(Beginning of TASK INPUT)

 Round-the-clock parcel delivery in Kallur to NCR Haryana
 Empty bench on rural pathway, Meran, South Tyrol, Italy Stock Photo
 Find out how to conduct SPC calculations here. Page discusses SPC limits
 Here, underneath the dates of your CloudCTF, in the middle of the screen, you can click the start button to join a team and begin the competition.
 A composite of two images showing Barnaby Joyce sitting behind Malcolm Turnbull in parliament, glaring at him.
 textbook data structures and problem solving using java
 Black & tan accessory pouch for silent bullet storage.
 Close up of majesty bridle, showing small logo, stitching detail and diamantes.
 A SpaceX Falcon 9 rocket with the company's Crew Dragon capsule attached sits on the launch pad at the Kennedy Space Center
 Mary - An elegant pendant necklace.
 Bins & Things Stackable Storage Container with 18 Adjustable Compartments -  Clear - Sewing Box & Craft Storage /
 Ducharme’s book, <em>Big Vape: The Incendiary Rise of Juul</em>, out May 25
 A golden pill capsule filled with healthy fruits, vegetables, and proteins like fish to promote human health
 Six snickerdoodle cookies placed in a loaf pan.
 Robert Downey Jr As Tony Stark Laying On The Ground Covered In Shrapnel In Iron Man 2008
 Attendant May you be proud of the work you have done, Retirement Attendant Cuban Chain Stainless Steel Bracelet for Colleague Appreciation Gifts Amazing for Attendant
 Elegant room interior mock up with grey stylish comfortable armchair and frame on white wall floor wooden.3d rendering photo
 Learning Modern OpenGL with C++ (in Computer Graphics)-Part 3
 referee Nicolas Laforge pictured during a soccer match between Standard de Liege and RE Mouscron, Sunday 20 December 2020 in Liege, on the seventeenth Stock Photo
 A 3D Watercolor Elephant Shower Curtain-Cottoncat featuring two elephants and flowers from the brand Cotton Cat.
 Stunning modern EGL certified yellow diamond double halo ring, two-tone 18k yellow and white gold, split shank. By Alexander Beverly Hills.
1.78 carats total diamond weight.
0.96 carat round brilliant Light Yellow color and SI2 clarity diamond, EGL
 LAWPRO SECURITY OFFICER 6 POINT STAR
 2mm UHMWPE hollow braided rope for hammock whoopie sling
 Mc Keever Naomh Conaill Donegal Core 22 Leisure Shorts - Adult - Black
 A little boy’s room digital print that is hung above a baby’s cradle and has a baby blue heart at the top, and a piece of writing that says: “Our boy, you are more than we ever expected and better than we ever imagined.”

(End of TASK INPUT)

TASK INSTRUCTIONS: Your answer must be the line containing "A golden pill" and every line after it through the end of the records above, reproduced exactly and alone.

ANSWER:
 A golden pill capsule filled with healthy fruits, vegetables, and proteins like fish to promote human health
 Six snickerdoodle cookies placed in a loaf pan.
 Robert Downey Jr As Tony Stark Laying On The Ground Covered In Shrapnel In Iron Man 2008
 Attendant May you be proud of the work you have done, Retirement Attendant Cuban Chain Stainless Steel Bracelet for Colleague Appreciation Gifts Amazing for Attendant
 Elegant room interior mock up with grey stylish comfortable armchair and frame on white wall floor wooden.3d rendering photo
 Learning Modern OpenGL with C++ (in Computer Graphics)-Part 3
 referee Nicolas Laforge pictured during a soccer match between Standard de Liege and RE Mouscron, Sunday 20 December 2020 in Liege, on the seventeenth Stock Photo
 A 3D Watercolor Elephant Shower Curtain-Cottoncat featuring two elephants and flowers from the brand Cotton Cat.
 Stunning modern EGL certified yellow diamond double halo ring, two-tone 18k yellow and white gold, split shank. By Alexander Beverly Hills.
1.78 carats total diamond weight.
0.96 carat round brilliant Light Yellow color and SI2 clarity diamond, EGL
 LAWPRO SECURITY OFFICER 6 POINT STAR
 2mm UHMWPE hollow braided rope for hammock whoopie sling
 Mc Keever Naomh Conaill Donegal Core 22 Leisure Shorts - Adult - Black
 A little boy’s room digital print that is hung above a baby’s cradle and has a baby blue heart at the top, and a piece of writing that says: “Our boy, you are more than we ever expected and better than we ever imagined.”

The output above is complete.